During an interview with Kerrang!, guitarist Jim Root revealed that the video features the burning of the purgatory masks adorned by the band members in the splash teaser photos shown on Slipknot's website, reportedly because the masks represent the band's ego.

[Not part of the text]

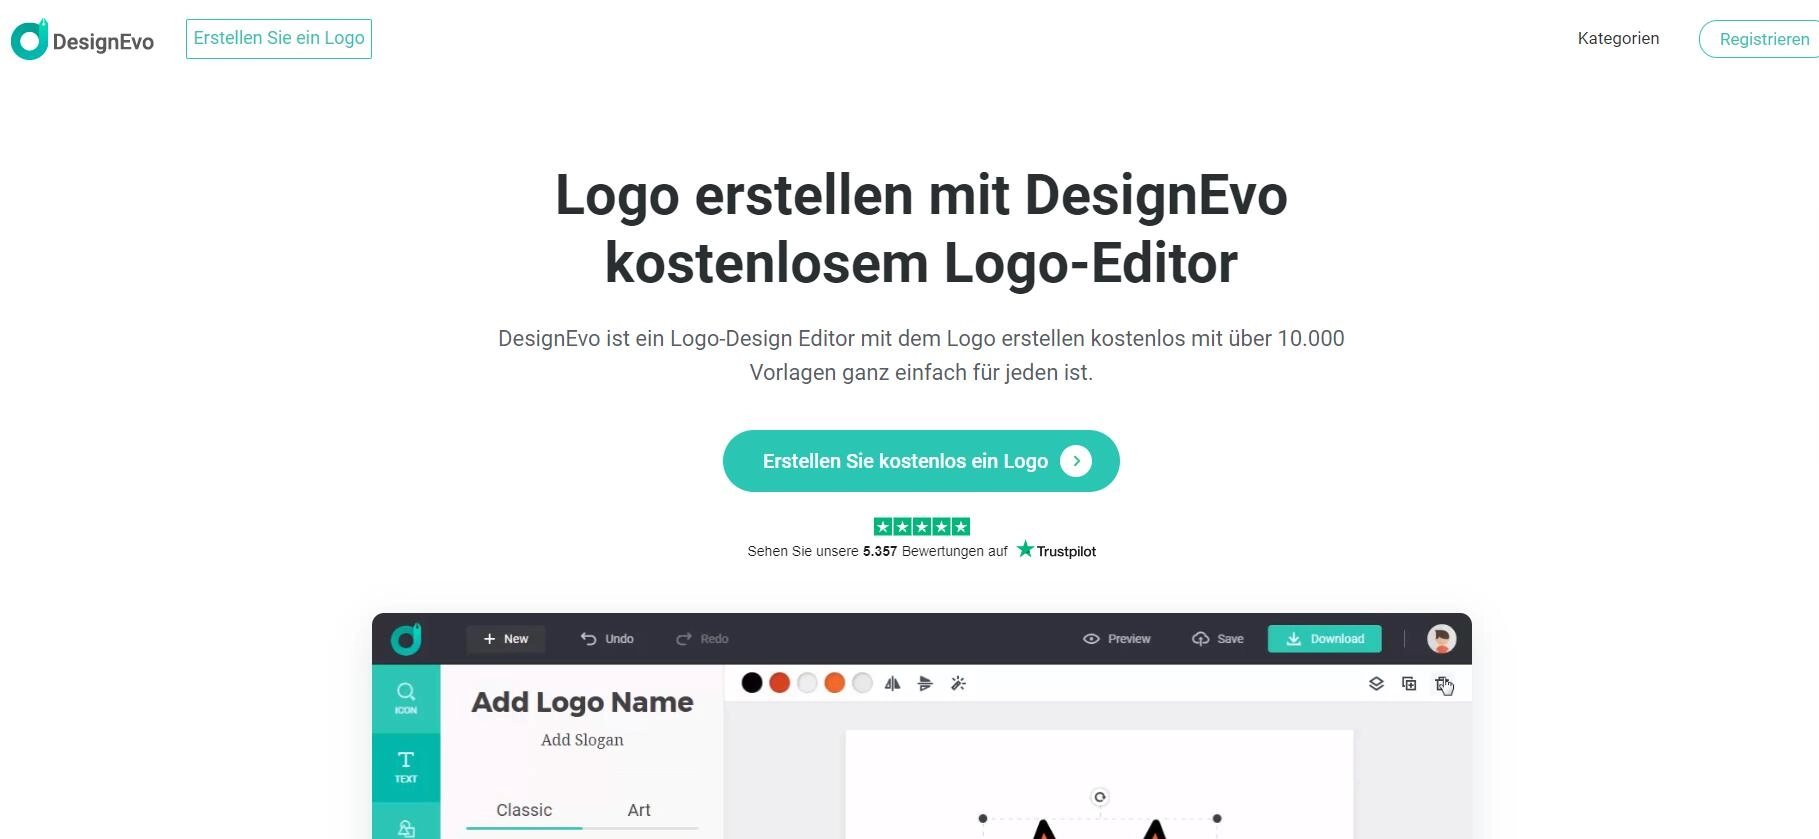 KI Logo kostenlos erstellen-DesignEvo

There are two versions of the video. One uses the album version of the song, whilst the other uses a much shorter version of the song; excluding the "Limits of the Dead!" lines.
The video was nominated to Best Rock Video at the VMA's 2008. On YouTube the video of the song had gained over 22 million views, before it was removed in December due to a dispute between Roadrunner Records' distributor, Warner Music Group, and YouTube.

==Track listing==
All lyrics and music composed by Slipknot.
- US Promo CD
1. "Psychosocial" (edit) – 3:57
2. "Psychosocial" (album version) – 4:42
- 7" vinyl / Limited edition CD
3. "Psychosocial" – 4:43
4. "All Hope Is Gone" – 4:44
- Digital download
5. "Psychosocial" – 4:44
- Germany and Japan Promo CD
6. "Psychosocial" (edit) – 3:57
7. "All Hope Is Gone" – 4:44
8. "Psychosocial" (album version) – 4:43
- Digital download (Live)
9. "Psychosocial" (live) – 4:36

==Personnel==
Slipknot
- (#0) Sid Wilson – turntables
- (#1) Joey Jordison – drums
- (#2) Paul Gray – bass, backing vocals
- (#3) Chris Fehn – toms, timpani, snare drum, backing vocals
- (#4) Jim Root – guitar (second solo)
- (#5) Craig Jones – sampler, MIDI
- (#6) Shawn Crahan – gong, beer keg, snare drum, backing vocals
- (#7) Mick Thomson – guitar (first solo)
- (#8) Corey Taylor – lead vocals

Production
- Dave Fortman – producer
- Colin Richardson – mixing

==Charts==

===Weekly charts===

Weekly chart performance for "Psychosocial"
| Chart (2008–2009) | Peak position |
|---|---|
| Australia (ARIA) | 84 |
| Austria (Ö3 Austria Top 40) | 65 |
| Canada Hot 100 (Billboard) | 75 |
| Finland (Suomen virallinen lista) | 23 |
| France (SNEP) | 100 |
| Germany (GfK) | 31 |
| New Zealand (Recorded Music NZ) | 35 |
| Sweden (Sverigetopplistan) | 28 |
| UK Singles (OCC) | 67 |
| UK Rock & Metal (OCC) | 17 |
| US Bubbling Under Hot 100 (Billboard) | 2 |
| US Digital Song Sales (Billboard) | 66 |
| US Mainstream Rock (Billboard) | 7 |
| US Alternative Airplay (Billboard) | 20 |

===Year-end charts===

Year-end chart performance for "Psychosocial"
| Chart (2008) | Position |
|---|---|
| US Mainstream Rock (Billboard) | 25 |

==Certifications==

Certifications for "Psychosocial"
| Region | Certification | Certified units/sales |
| Canada (Music Canada) | 3× Platinum | 240,000^{‡} |
| Denmark (IFPI Danmark) | Gold | 45,000^{‡} |
| New Zealand (RMNZ) | Platinum | 30,000^{‡} |
| Portugal (AFP) | Gold | 10,000^{‡} |
| United Kingdom (BPI) | Platinum | 600,000^{‡} |
^{‡} Sales+streaming figures based on certification alone.